# how to measure for building trusses



## mudhen490 (Jan 28, 2010)

I am starting to build trusses for a covered bridge.  If the bridge is 22" wide and the center of the truss has a 6" rise how wide will each side of the roof be?  My bridge will be 16 ' long and I am trying to decide how many trusses to build.  I am thinking of building each truss from 1/4 inch plywood.  Should I use exterior or interior plywood and treat the wood?  What should I treat it with?  Any help or suggestions would greatly appreciated as this is my first scratch building project.
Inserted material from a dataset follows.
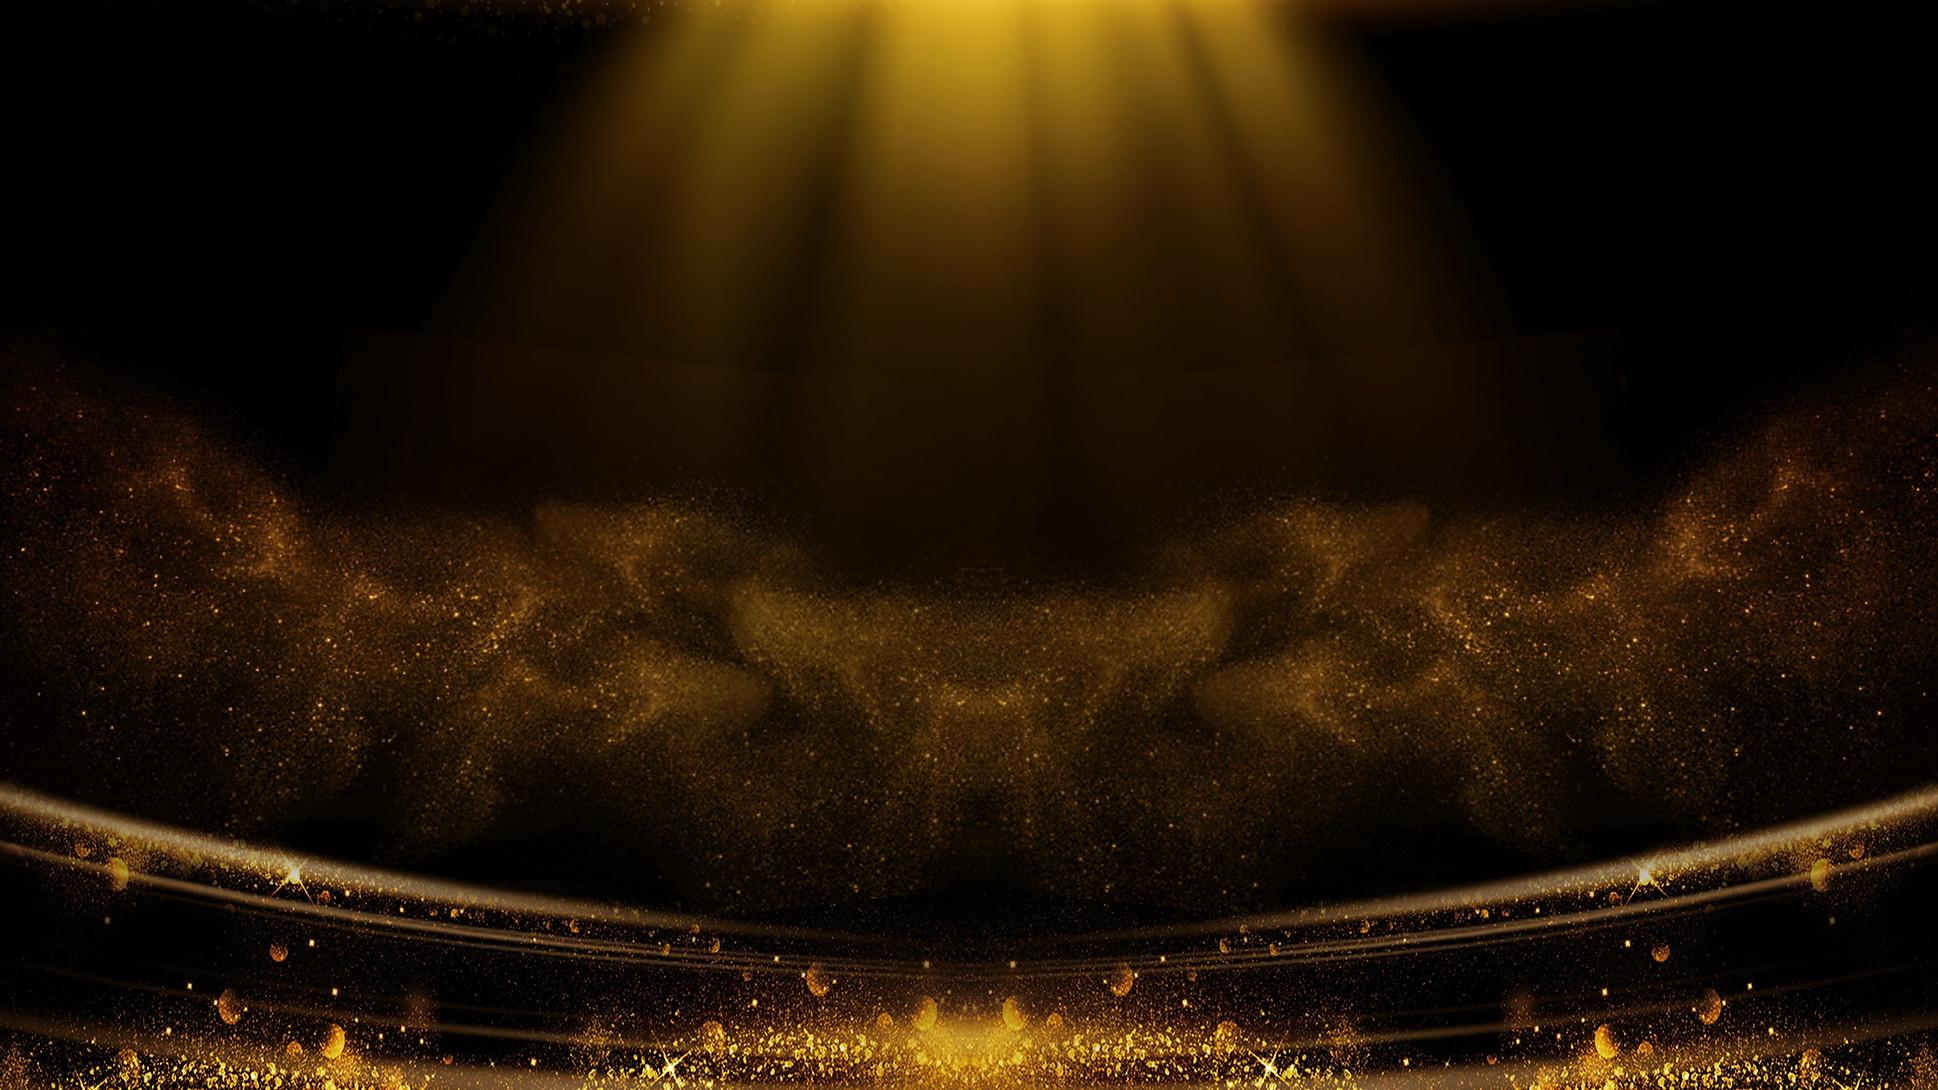 —Pngtree—award ceremony black gold style

Thank You


----------



## Michael Glavin (Jan 2, 2009)

Checkout this calculator:


http://www.csgnetwork.com/righttricalc.html
Looks like 12.53".

Marine plywood wood be best in my opinion... What are you thinking for truss design, layout or shape? And why plywood?

I can draw it up ACAD with a little more info with scale size and dimensions.

Michael


----------



## R.W. Marty (Jan 2, 2008)

That calculator is slick and gives you some numbers to work with but is not much for visulizing the roof lines.

Try this.
On a piece of plywood, cardboard, or even the bench top; lay out a horizontal line about 30 inches long, at the center of this line scribe a vertical line up about a foot. Make sure that the vertical line is 90 degrees to the horizontal one. Mark the point of intersection "A" go up the vertical line from point "A" 6 inches and mark point "B". Now go out the horizontal line on either side or both sides of point "A" 11 inches and mark point "C". Now draw a line from point "B" to point "C" and you have your roof line silouette, just measure it for the dimension you seek. 

This method allows a person to change dimension "A" to "B" and draw new angles to point "C" to get roof angles that may look better on the model. the run to rise that you are asking about will give a roof pitch of about 20-21 degrees. That pitch may be unnecessarily steep in rain country but not steep enough in heavy snow areas, depends on what/where your modeling. By actually laying the run/rise out on cardboard you can cut templetes and try them to the building to see which pitch gives the best look to the structure before cutting any wood. 
Just an opinion.
Rick Marty


----------



## mudhen490 (Jan 28, 2010)

Thank you both for the information. i will try and lay the truss out and then i will have more info to send along. I was going to use 1/4 or 3/8 plywood to make triangles and outline them with 1/2 by 1/2 pieces around the outside for strength. These are only my first thoughts on this and will take any and all help given. Thanks,Rick


----------



## R.W. Marty (Jan 2, 2008)

What you discribe sounds like you could park your car on it when it was finished, pretty strong in other words. 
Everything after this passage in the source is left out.